Current

SMART NEtworks and ServiceS for 2030 (SMARTNESS)

The SMARTNESS Engineering Research Center aims to advance cutting-edge research in computer networks and digital application services focused on strategic areas where scientific and technological impacts can be achieved towards the year 2030, in collaboration with communities of cloud search and networks. With the deployment of 5G and the 6G vision being developed, the main challenges for SMARTNESS are how to design and operate cloud computing infrastructures and networks with adequate capabilities to leverage the next generation of Internet services and applications.
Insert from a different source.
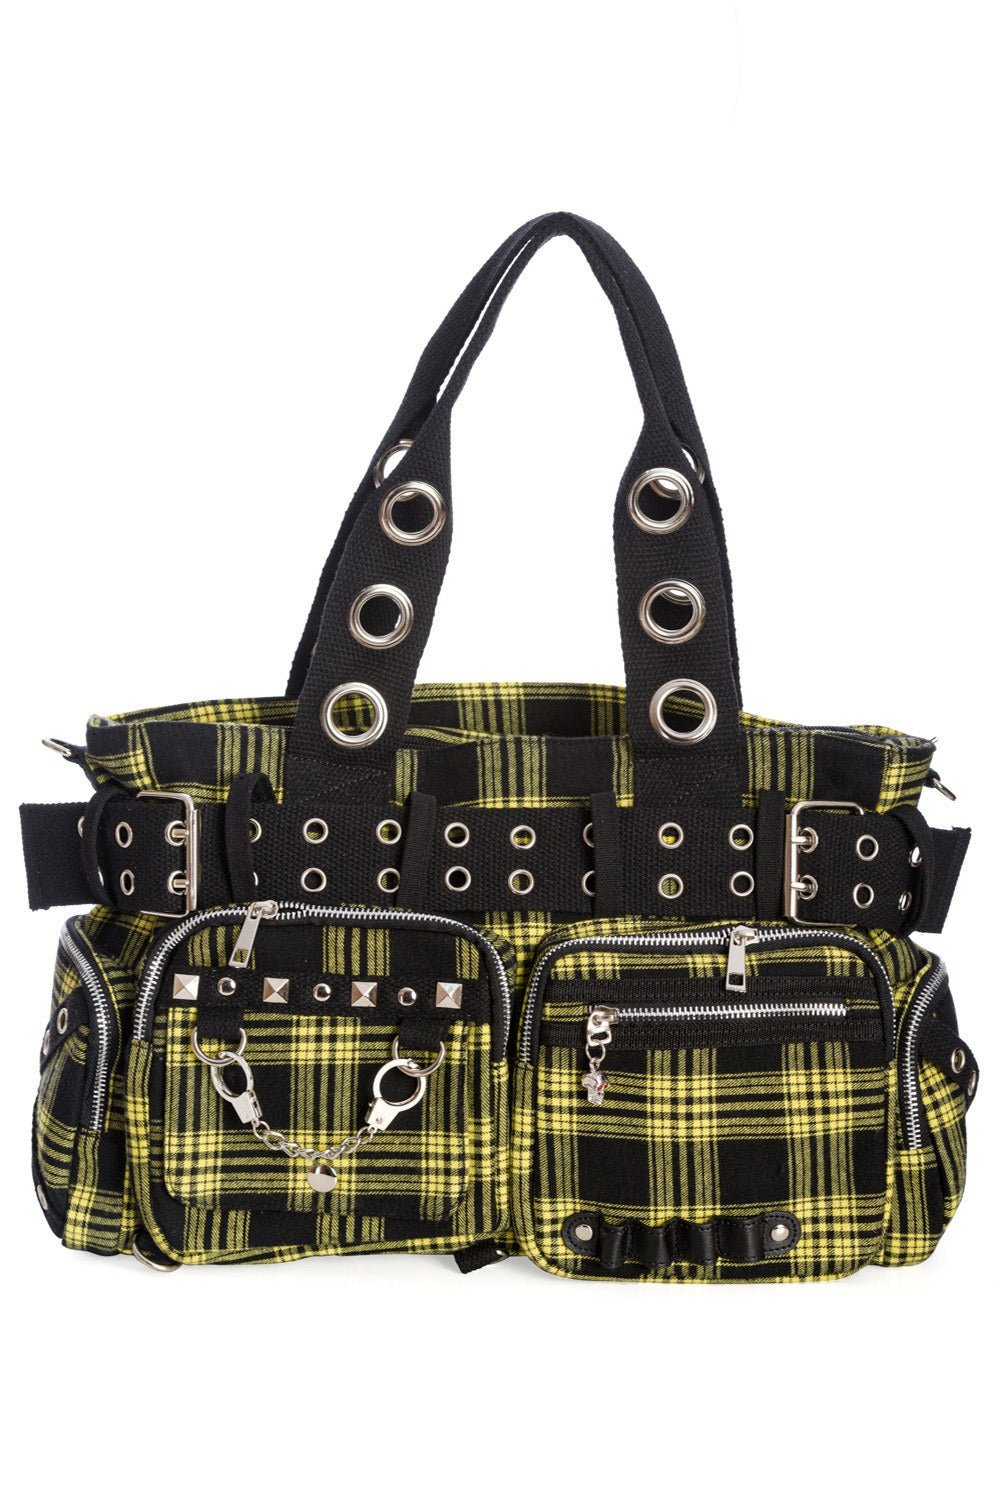 yellow and black punk handbag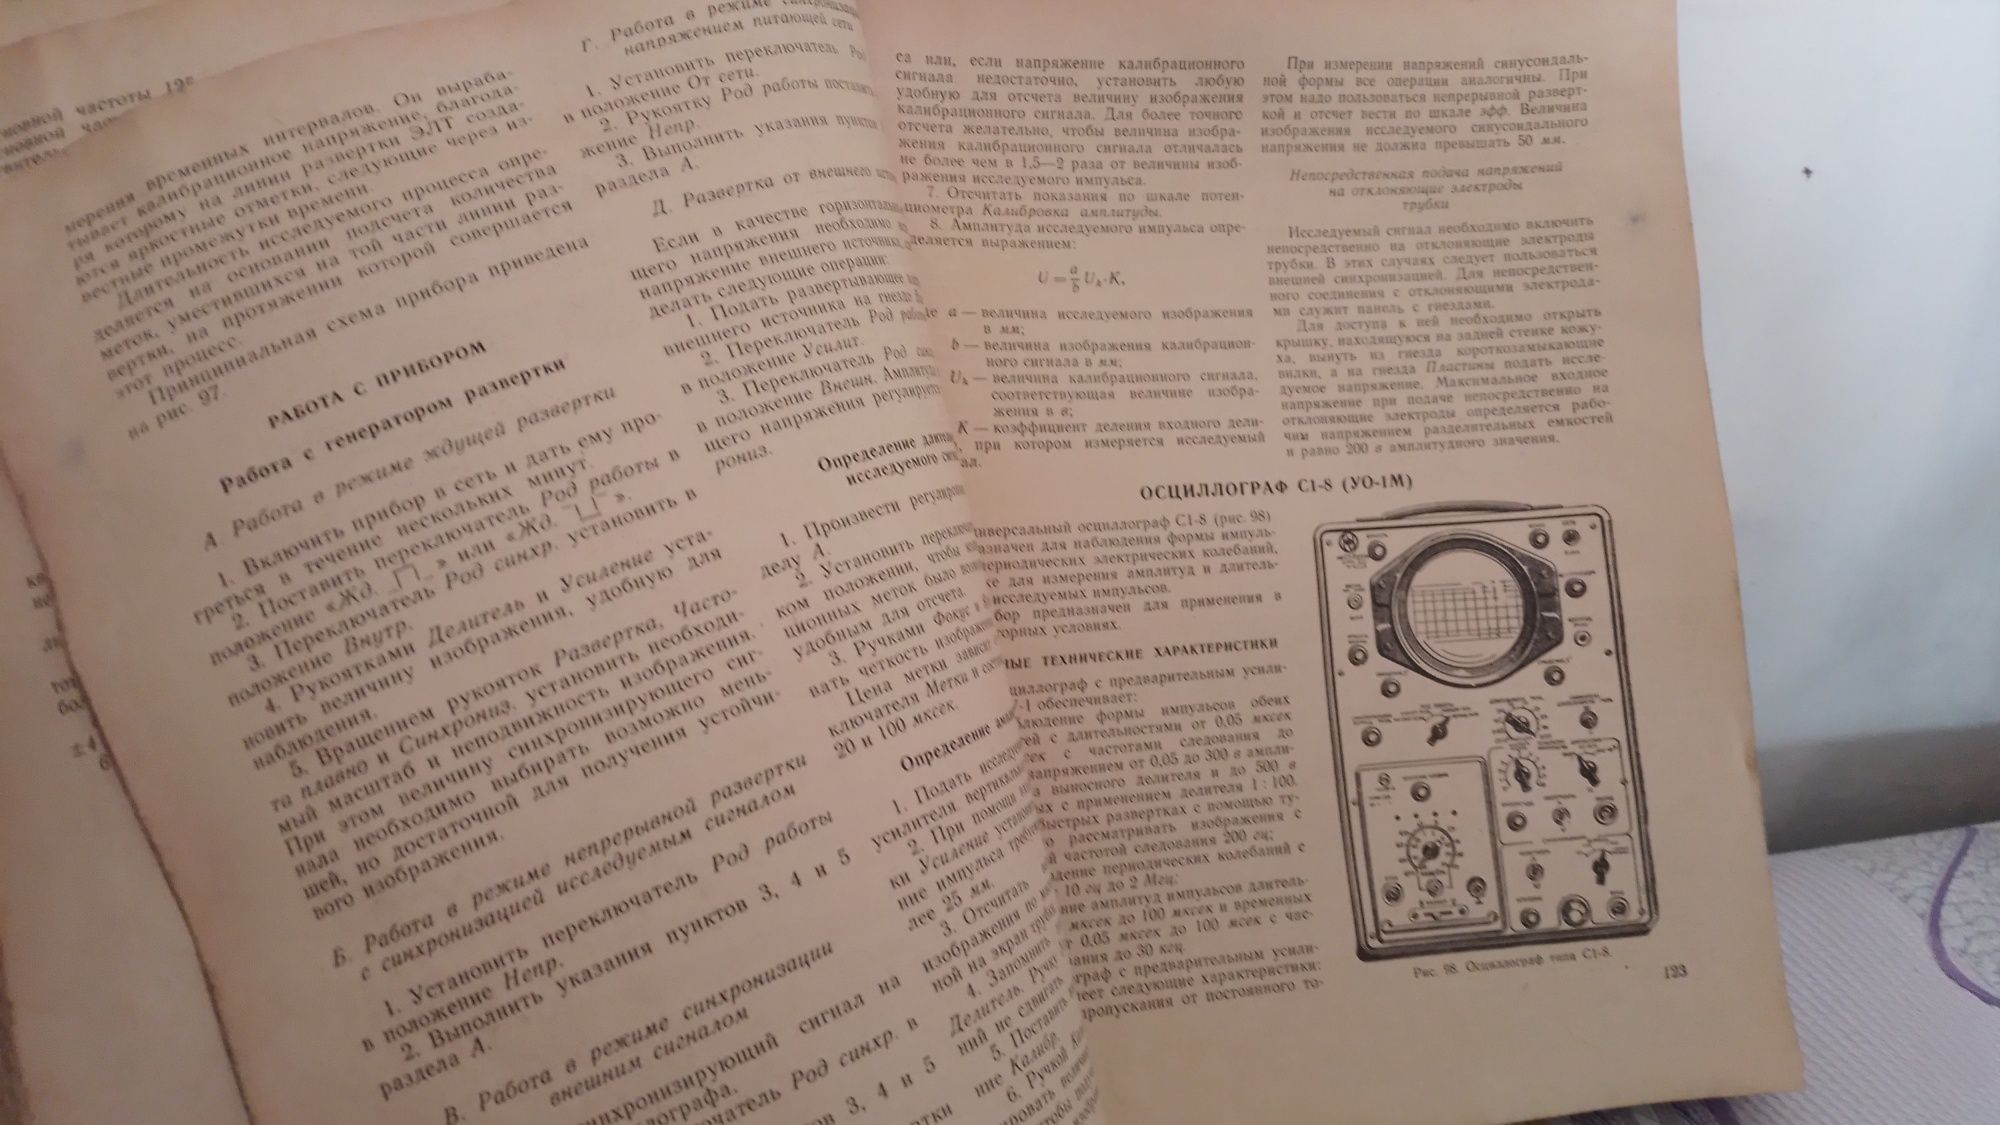 Справочник ссср 1966 года по радио измерительной апаратуре

The scope of end-to-end services at the Internet scale is exceptionally broad and requires contributions across multiple disciplines along with large investments in capital and human resources.

SMARTNESS aims to explore well-planned opportunities through an appropriate methodology based on the confluence of Research Strands (RS) designed to successfully impact world-class research and innovation to address challenging use cases. in Internet scenarios for industry and society with a vision horizon for the year 2030.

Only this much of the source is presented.